══ INFORMATION SHOWN ══
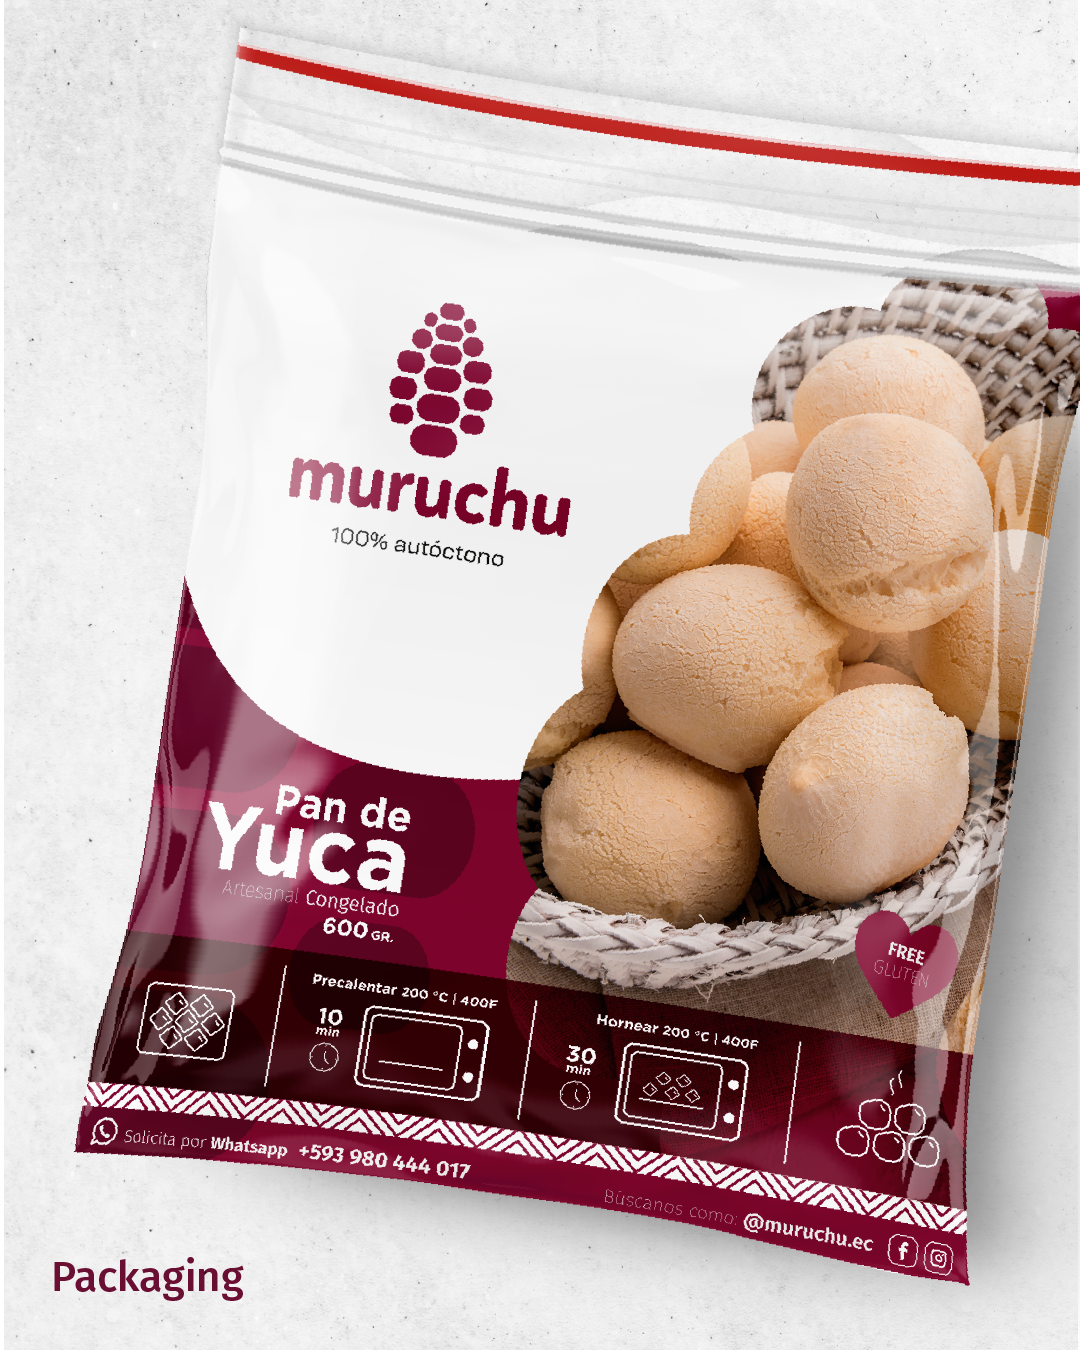 Muruchu-Brand-Packagin-PanDeYuca-1
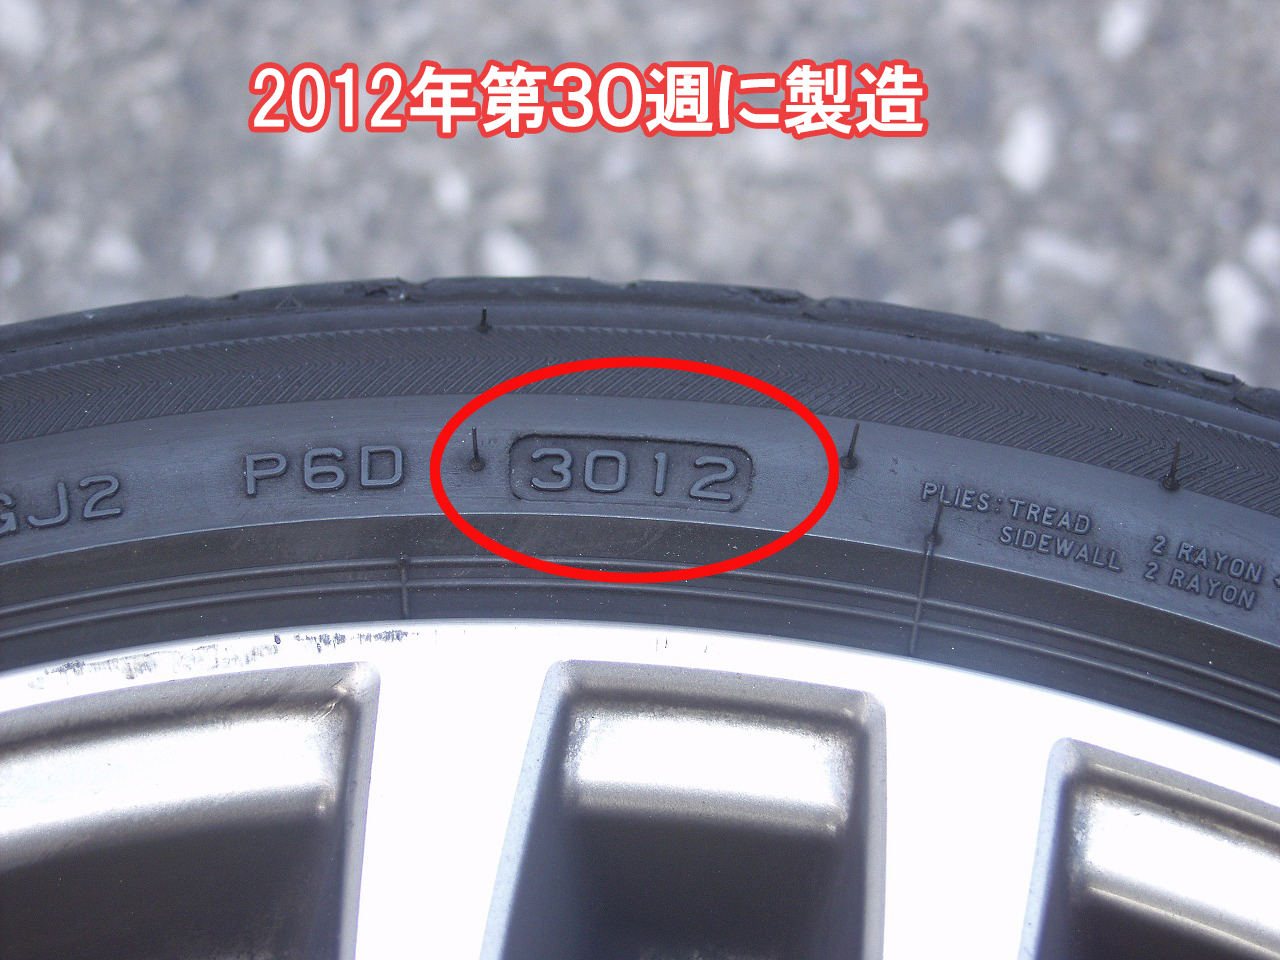 このタイヤが2012年の第30週に製造されたことを示しています。
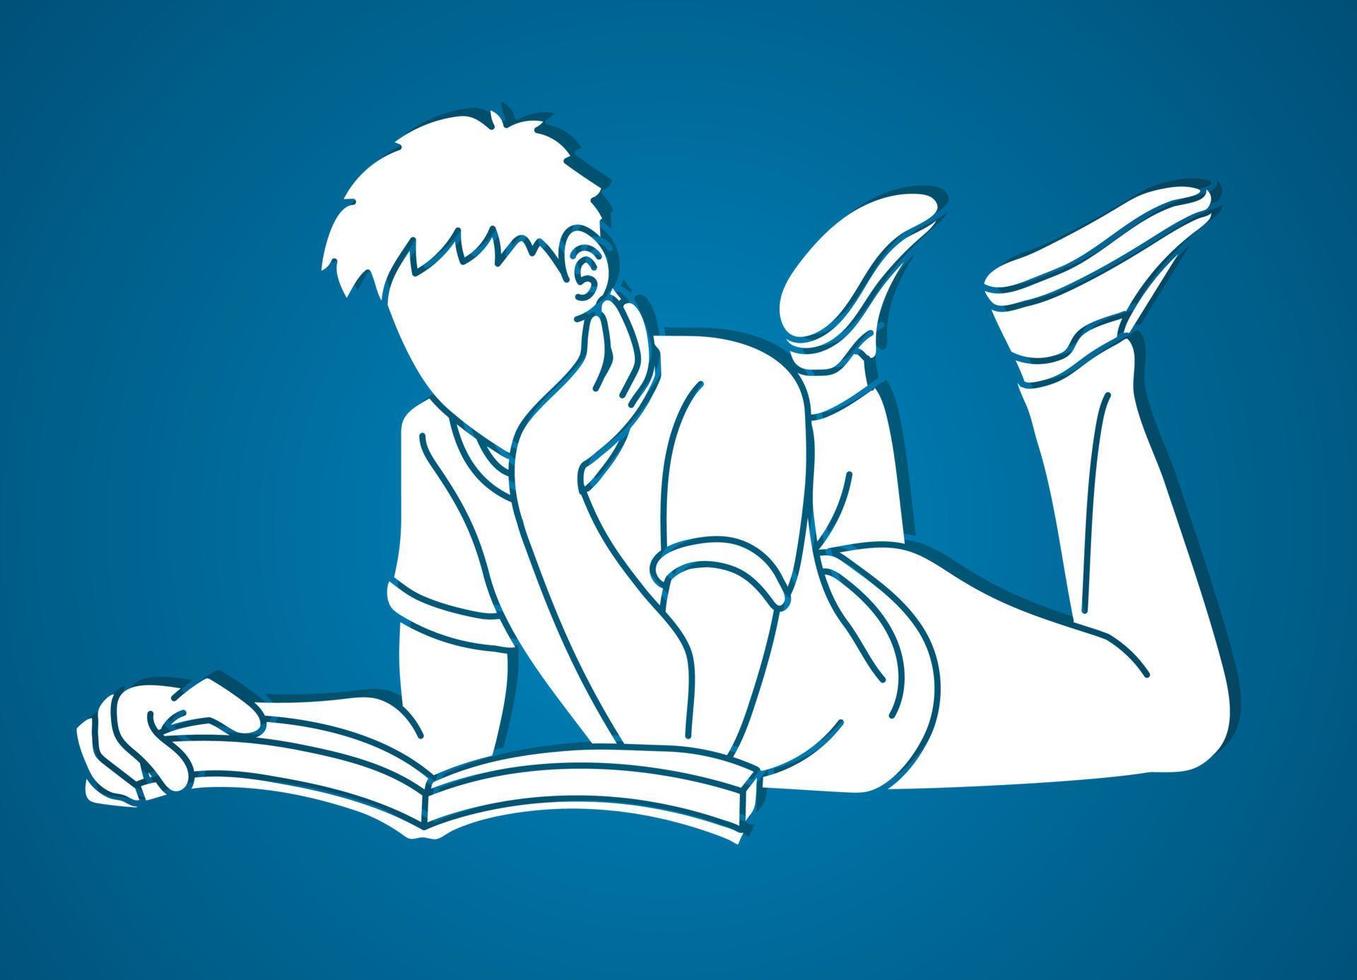 silueta masculina leyendo un libro vector
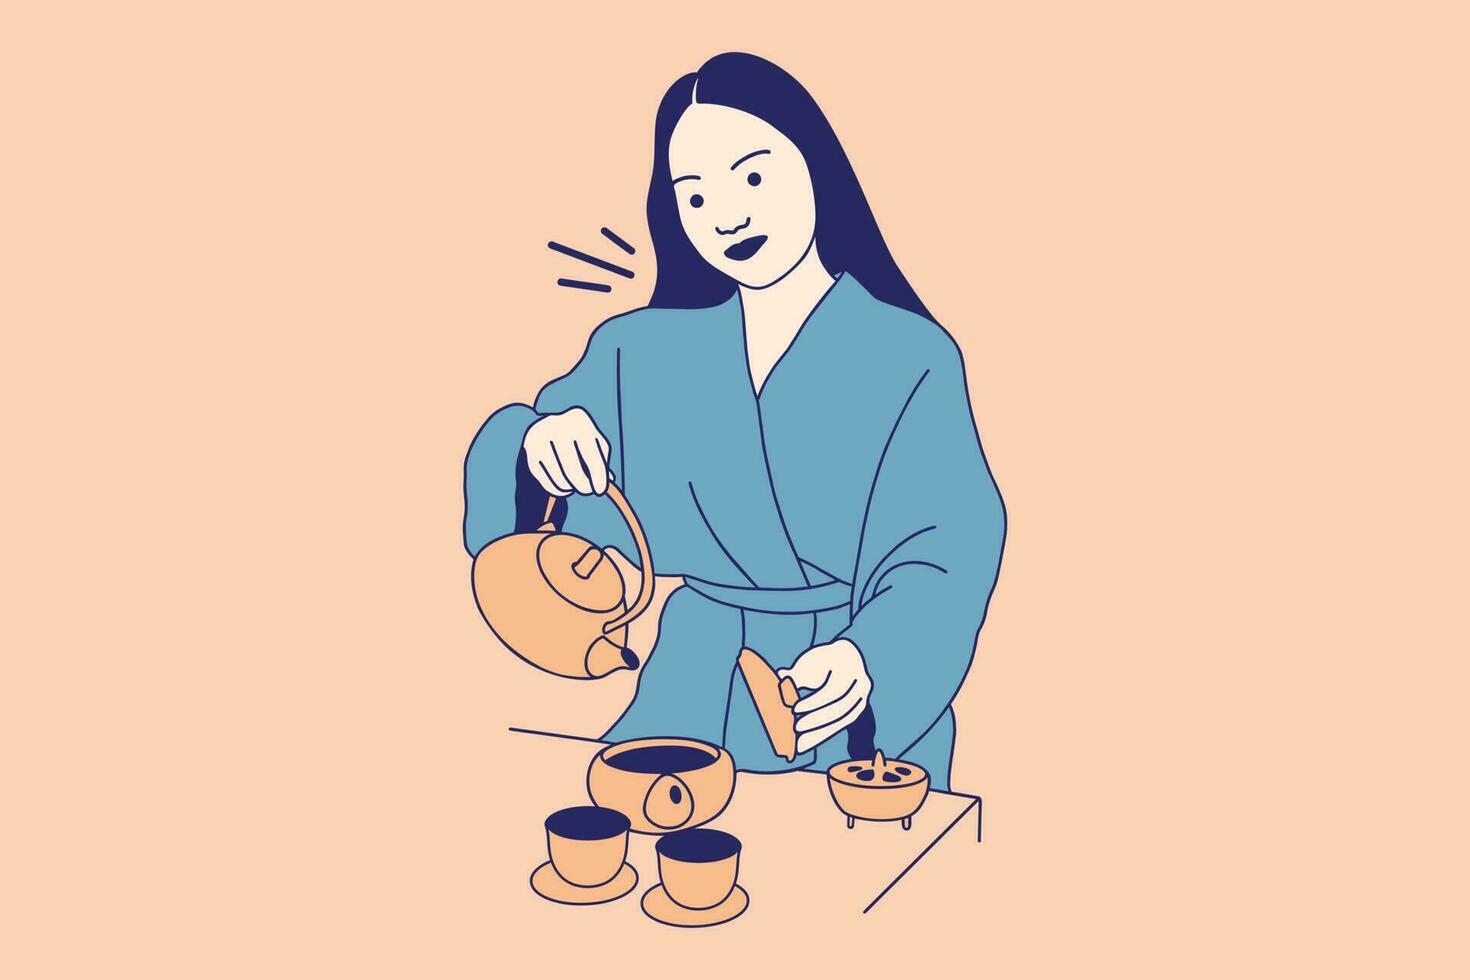 illustrationer av skön ung kvinna häller te från en svart kasta järn tekanna vektor
═══
▶ ASSIGNMENT
Copy nothing but the lines from the one containing "このタイヤが2012年の第30週に製造されたことを示しています。" through the last line of the listing above, transcribed exactly and with no pictures.

▶ RESULT
 このタイヤが2012年の第30週に製造されたことを示しています。
 silueta masculina leyendo un libro vector
 illustrationer av skön ung kvinna häller te från en svart kasta järn tekanna vektor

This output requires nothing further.